WORK TO COMPLETE:
Copy each line below as it stands, but skip any picture it contains.

BEGIN INPUT DATA

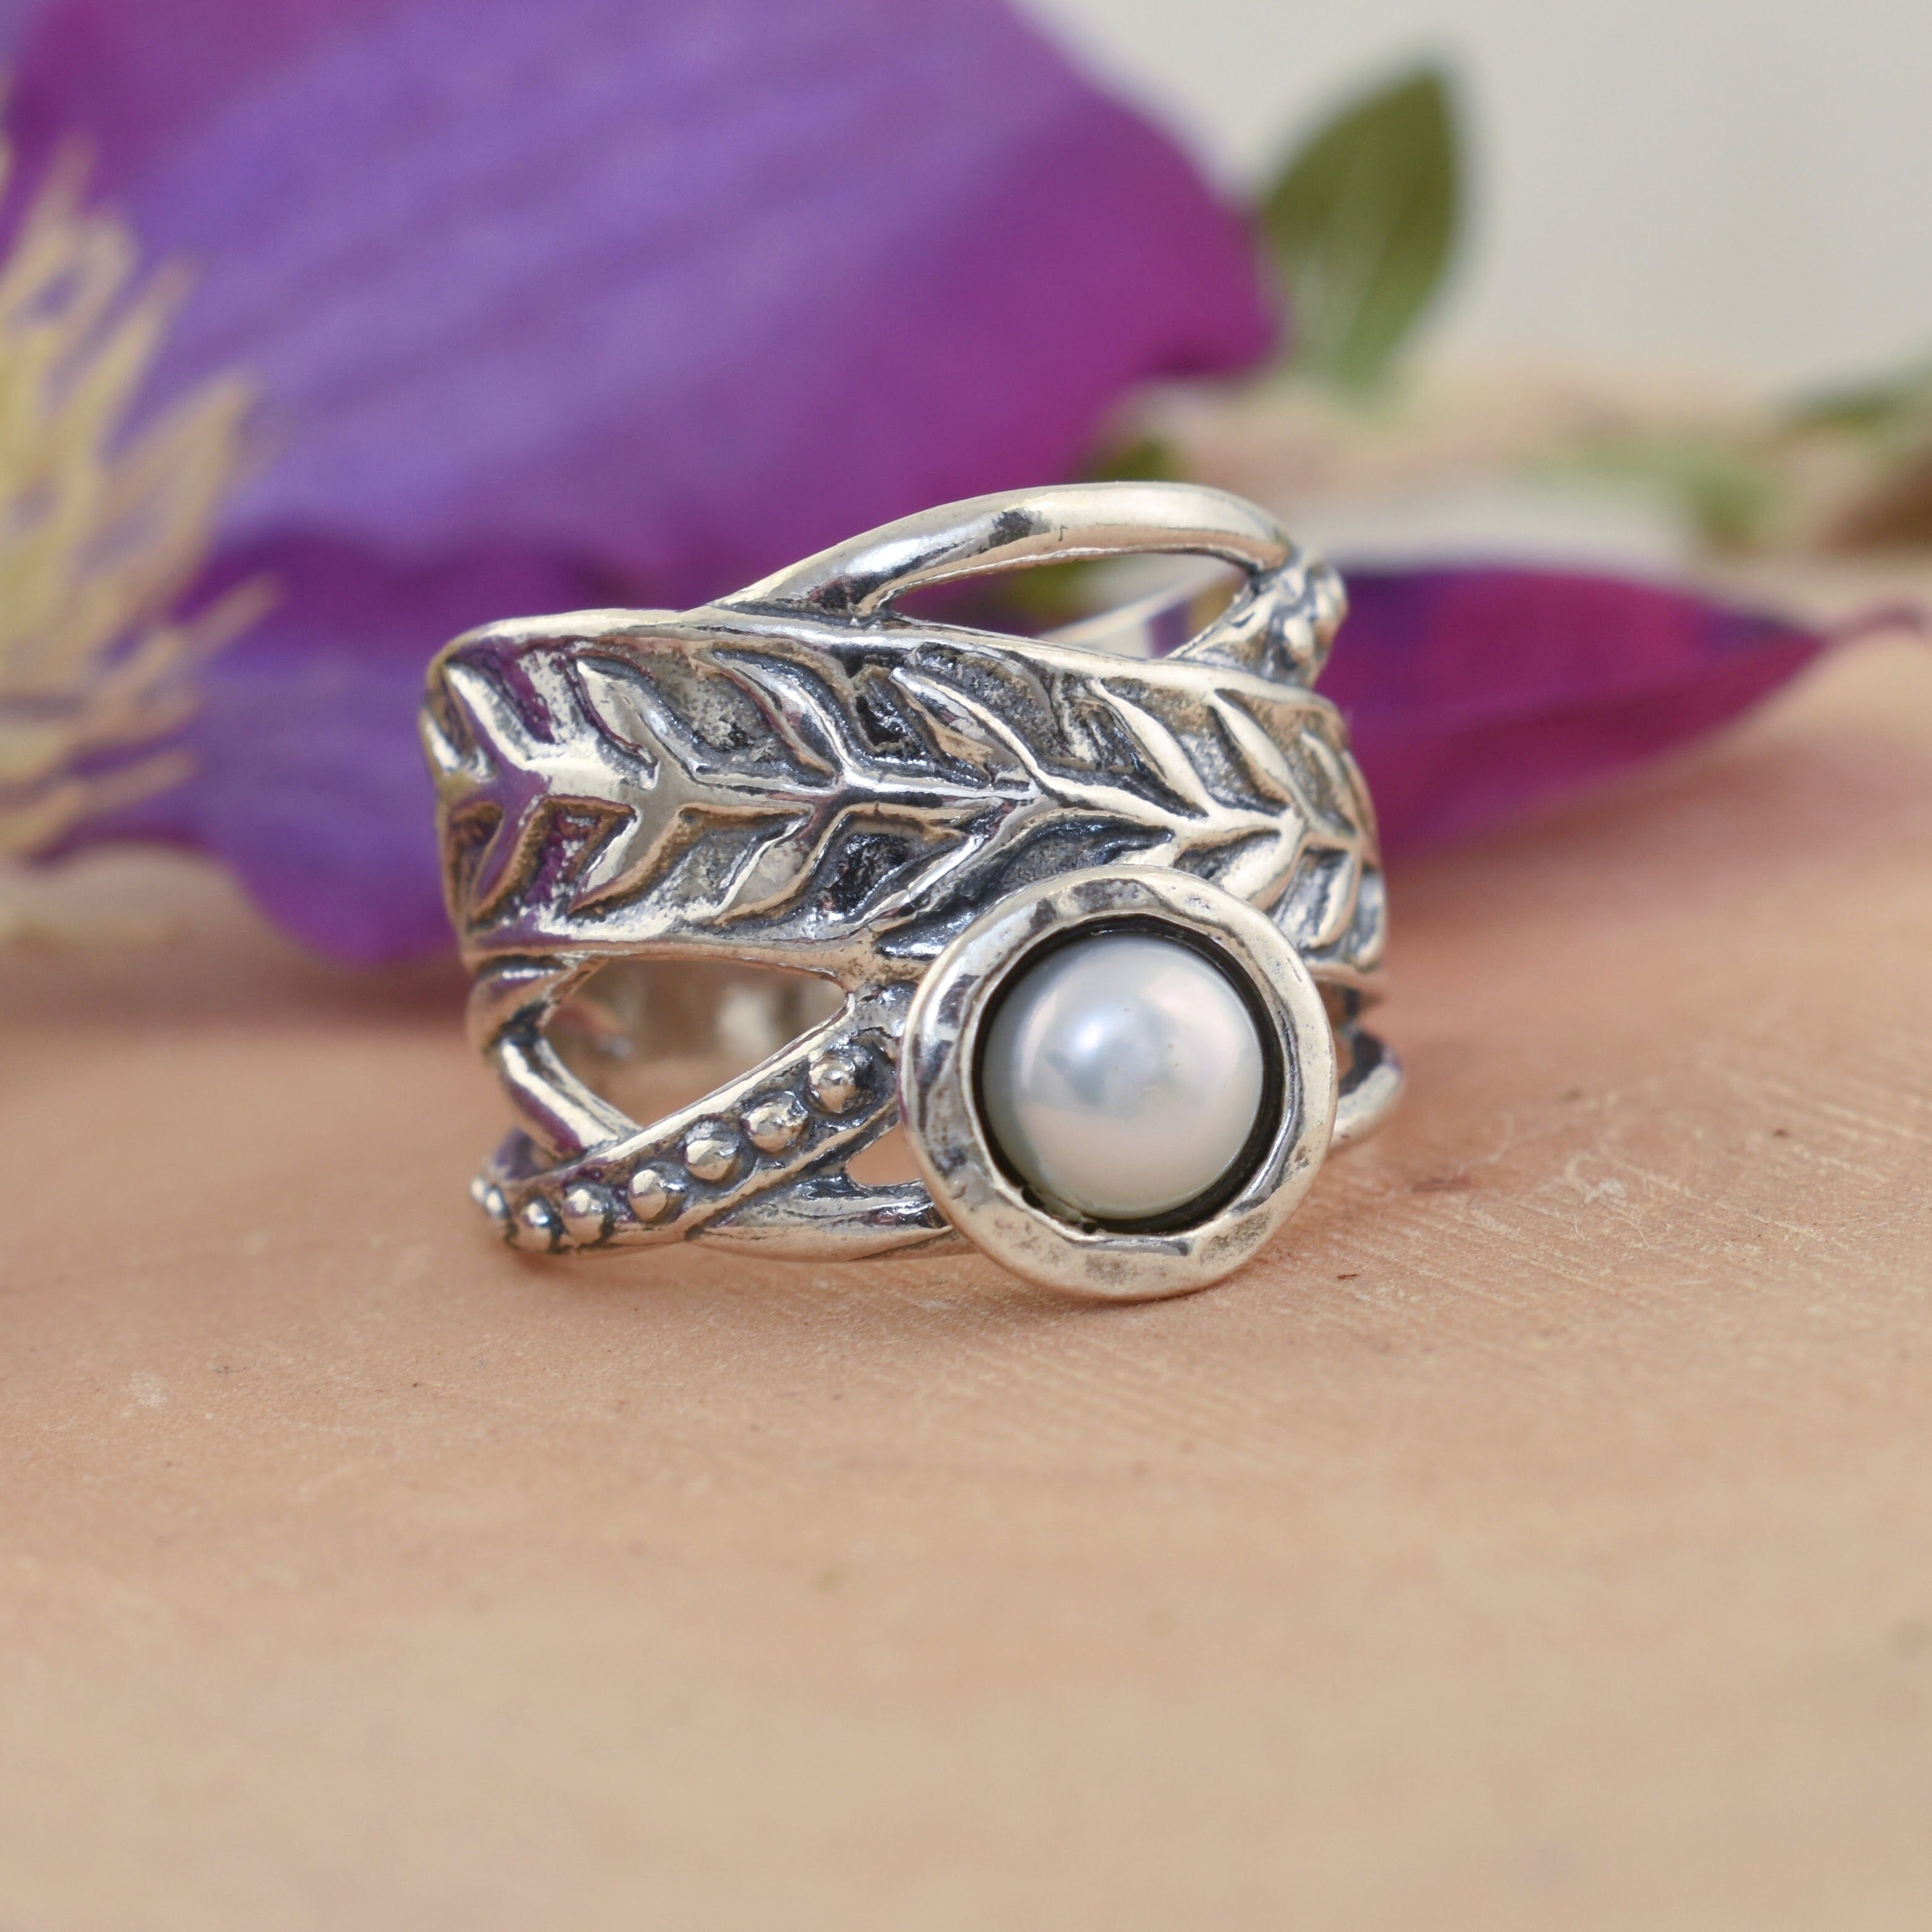 .925 sterling silver ring with vine and milgrain design
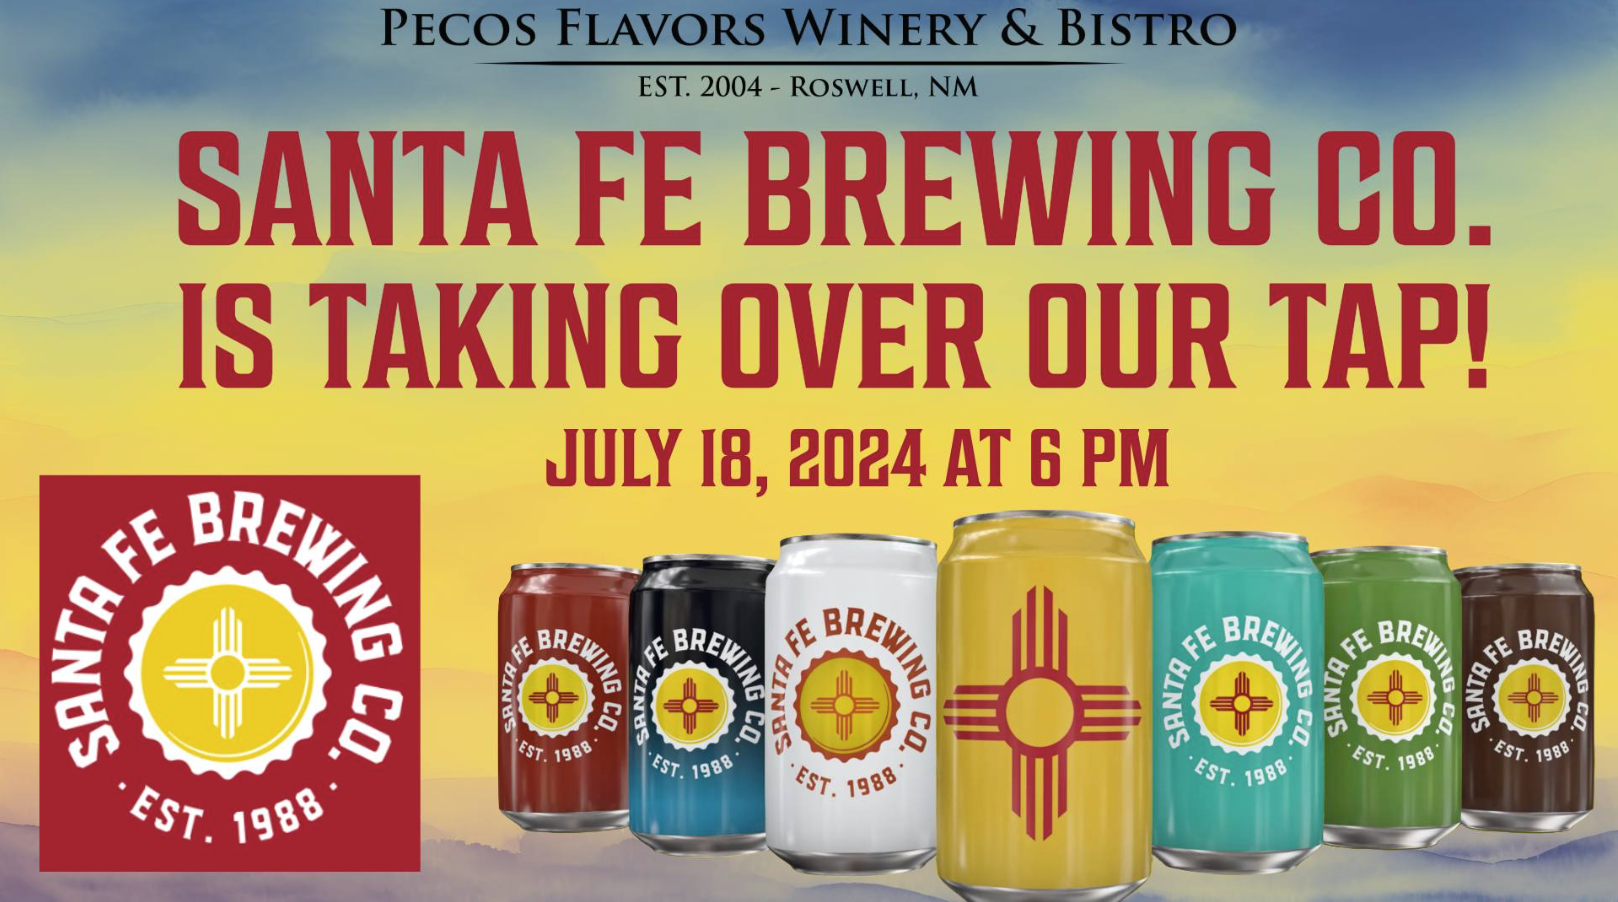 Santa Fe Brewing Co with dates and times taking over Pecos Flavors Winery + Bistro
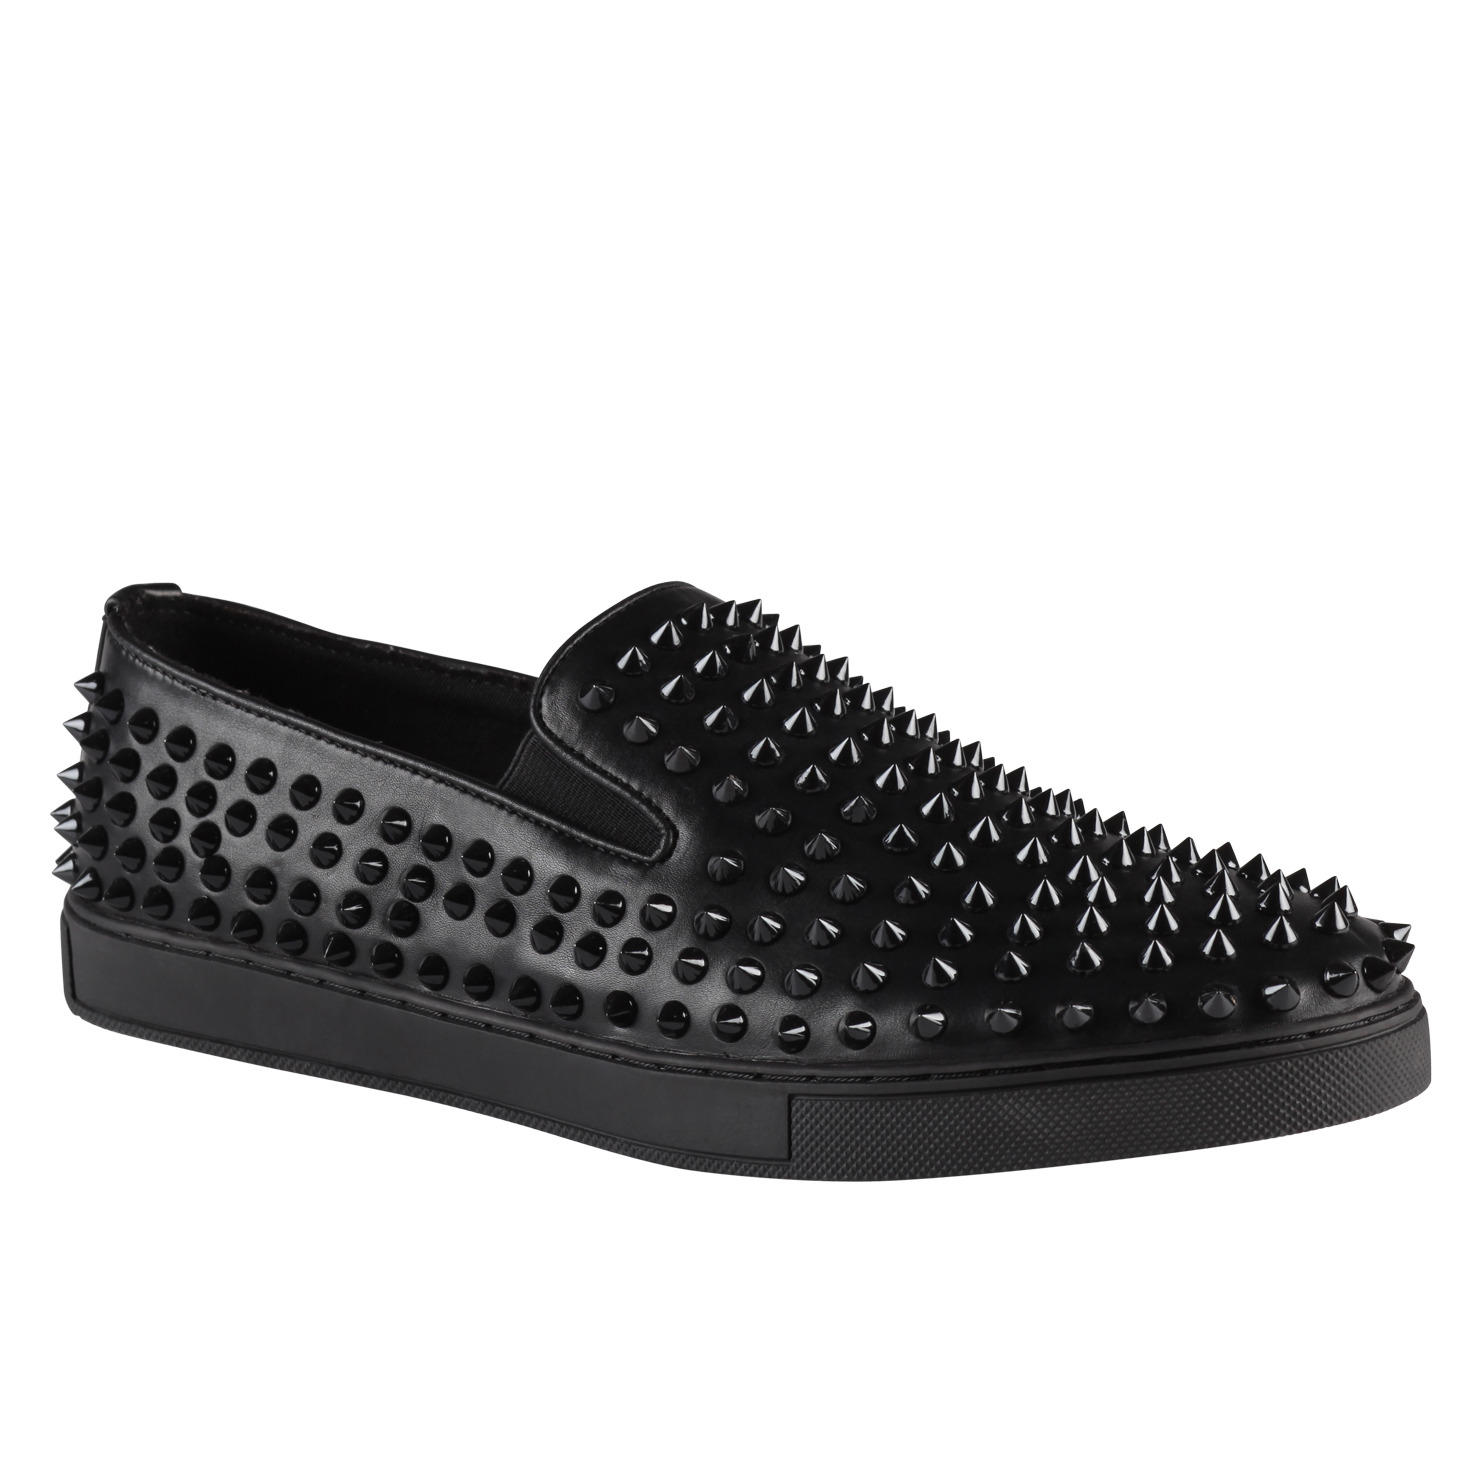 aldo shoes with spikes

END INPUT DATA

WRITTEN ANSWER:
 .925 sterling silver ring with vine and milgrain design
 Santa Fe Brewing Co with dates and times taking over Pecos Flavors Winery + Bistro
 aldo shoes with spikes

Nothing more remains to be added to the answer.